◆ THE DATA:
▬▬▬
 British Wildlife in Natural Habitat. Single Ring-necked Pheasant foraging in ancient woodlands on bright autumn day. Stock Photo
▬▬▬
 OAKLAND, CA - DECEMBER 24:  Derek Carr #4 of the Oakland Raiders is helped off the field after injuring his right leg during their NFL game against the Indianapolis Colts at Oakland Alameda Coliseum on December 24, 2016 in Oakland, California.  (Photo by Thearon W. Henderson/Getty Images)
▬▬▬
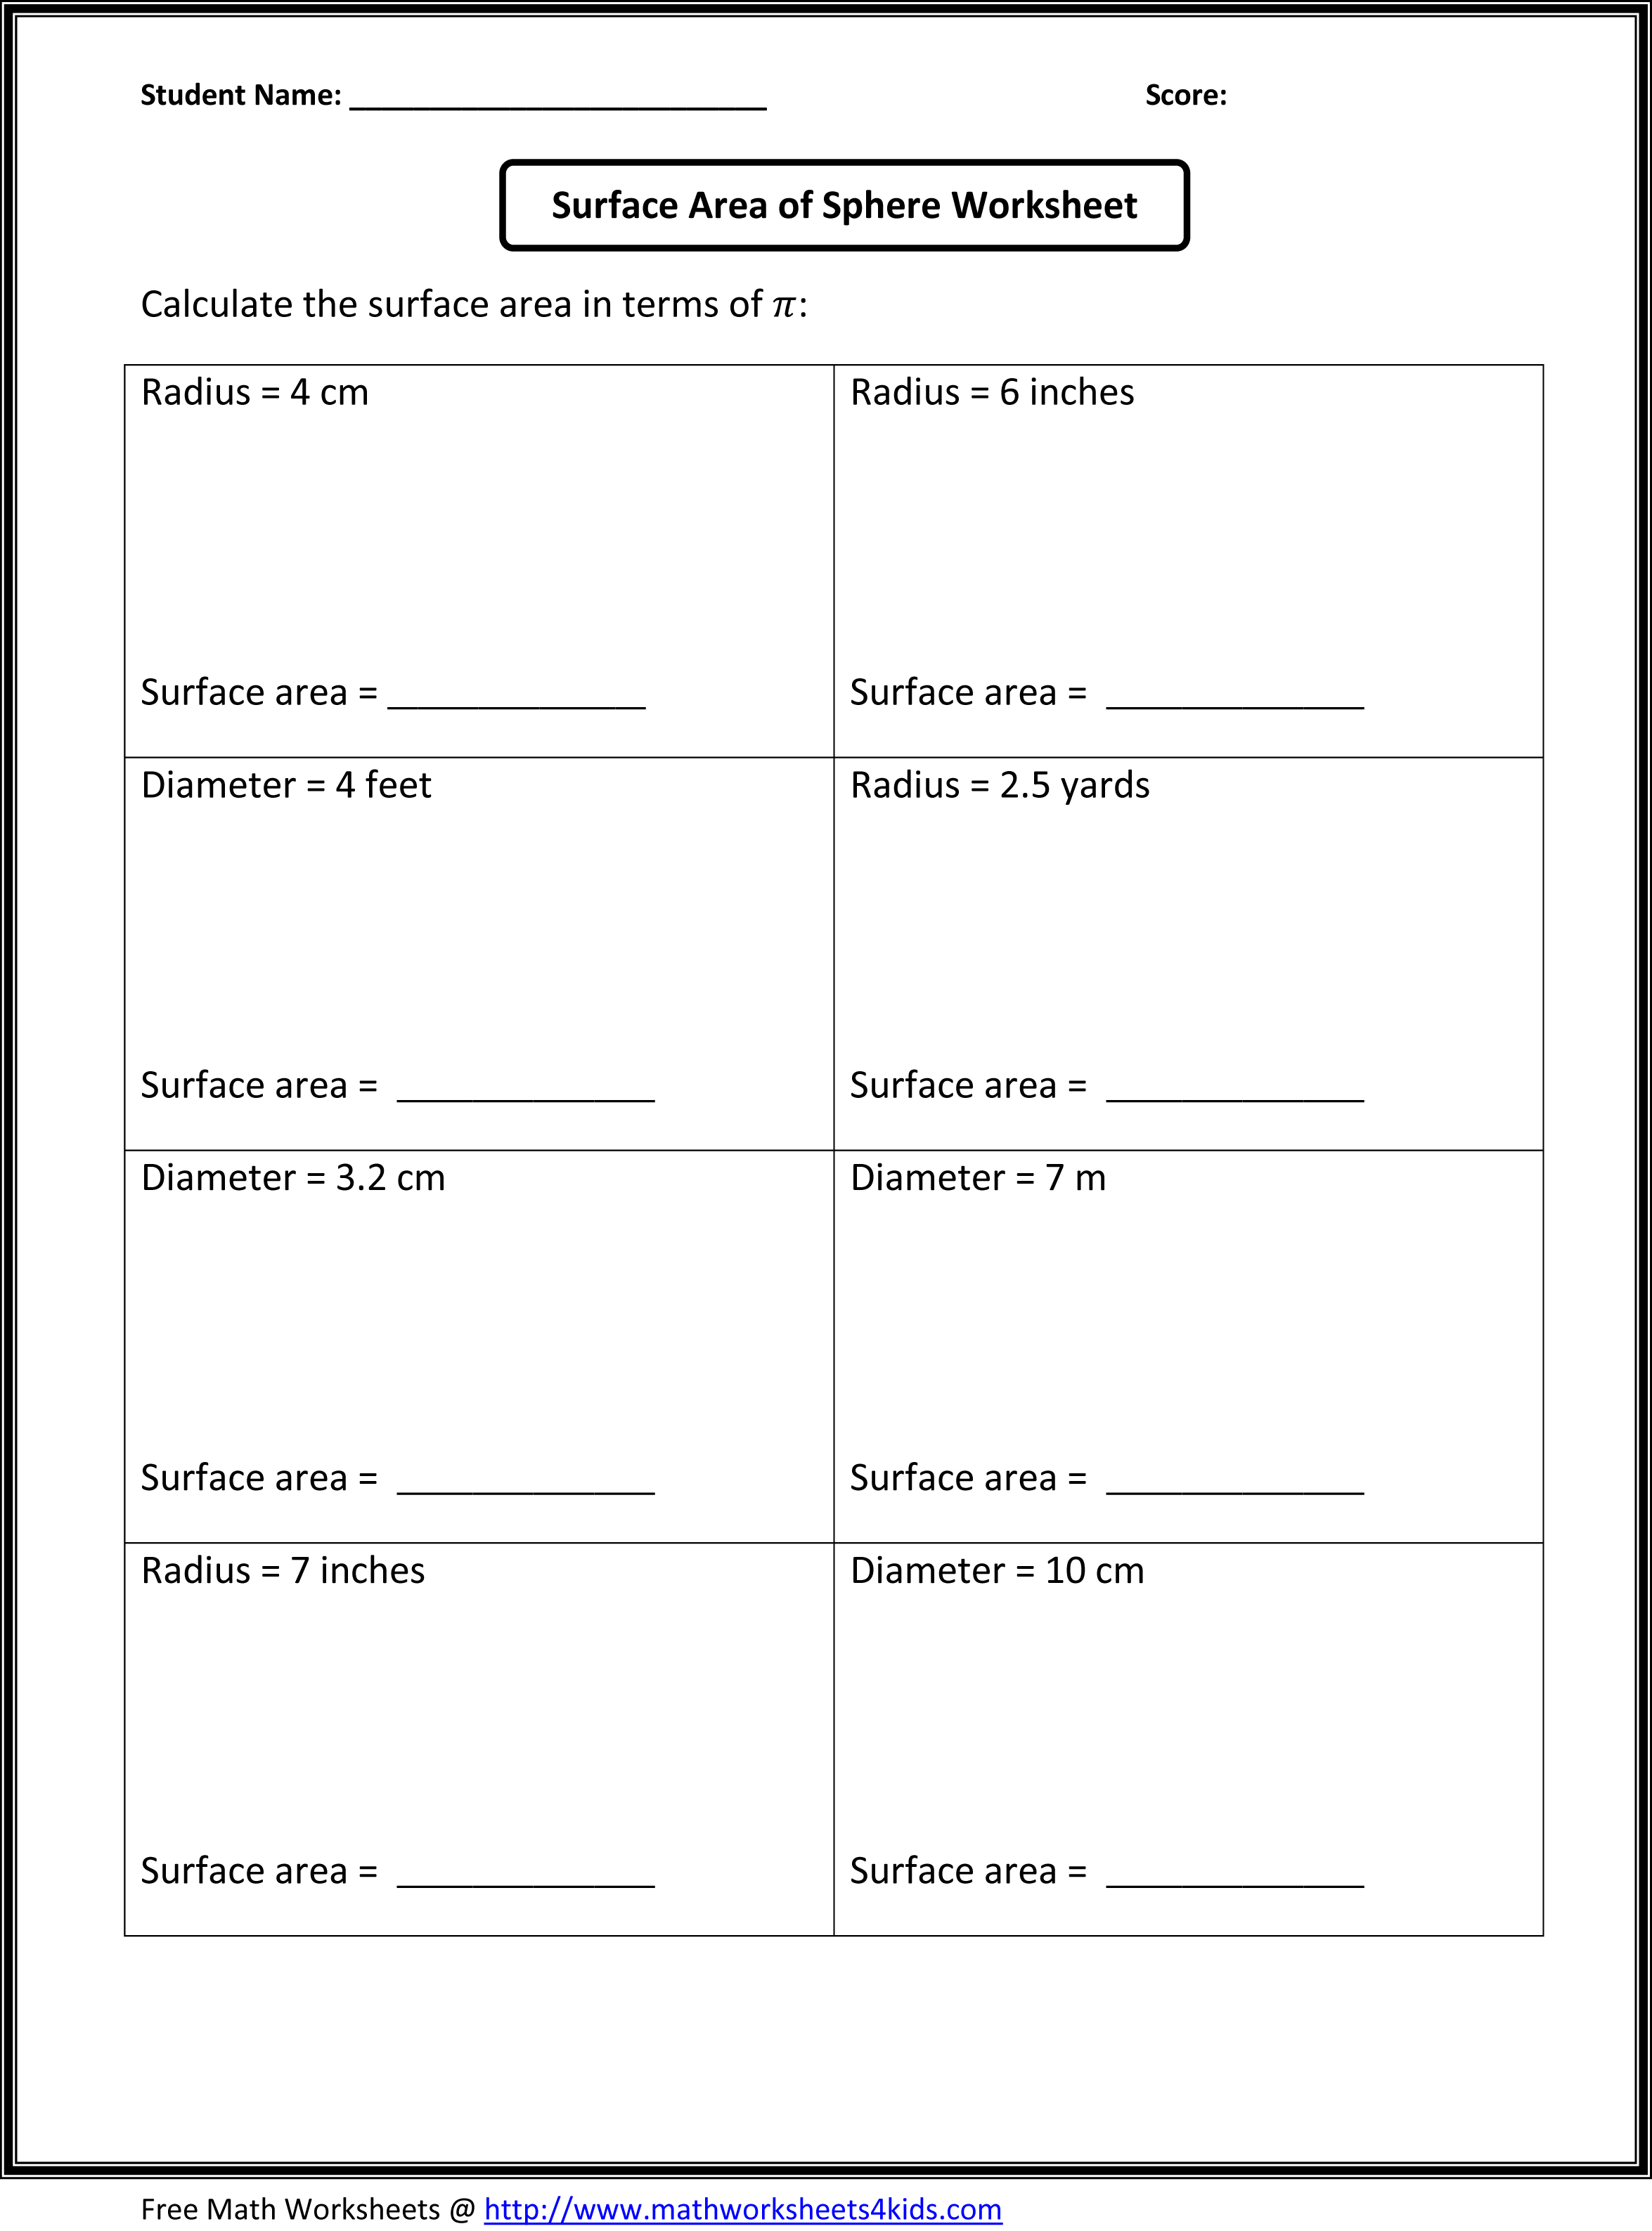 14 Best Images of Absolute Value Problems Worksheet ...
▬▬▬
The answer must consist of each line in the entries above that includes "Photo".

◆ PROBLEM SOLUTION:
 British Wildlife in Natural Habitat. Single Ring-necked Pheasant foraging in ancient woodlands on bright autumn day. Stock Photo
 OAKLAND, CA - DECEMBER 24:  Derek Carr #4 of the Oakland Raiders is helped off the field after injuring his right leg during their NFL game against the Indianapolis Colts at Oakland Alameda Coliseum on December 24, 2016 in Oakland, California.  (Photo by Thearon W. Henderson/Getty Images)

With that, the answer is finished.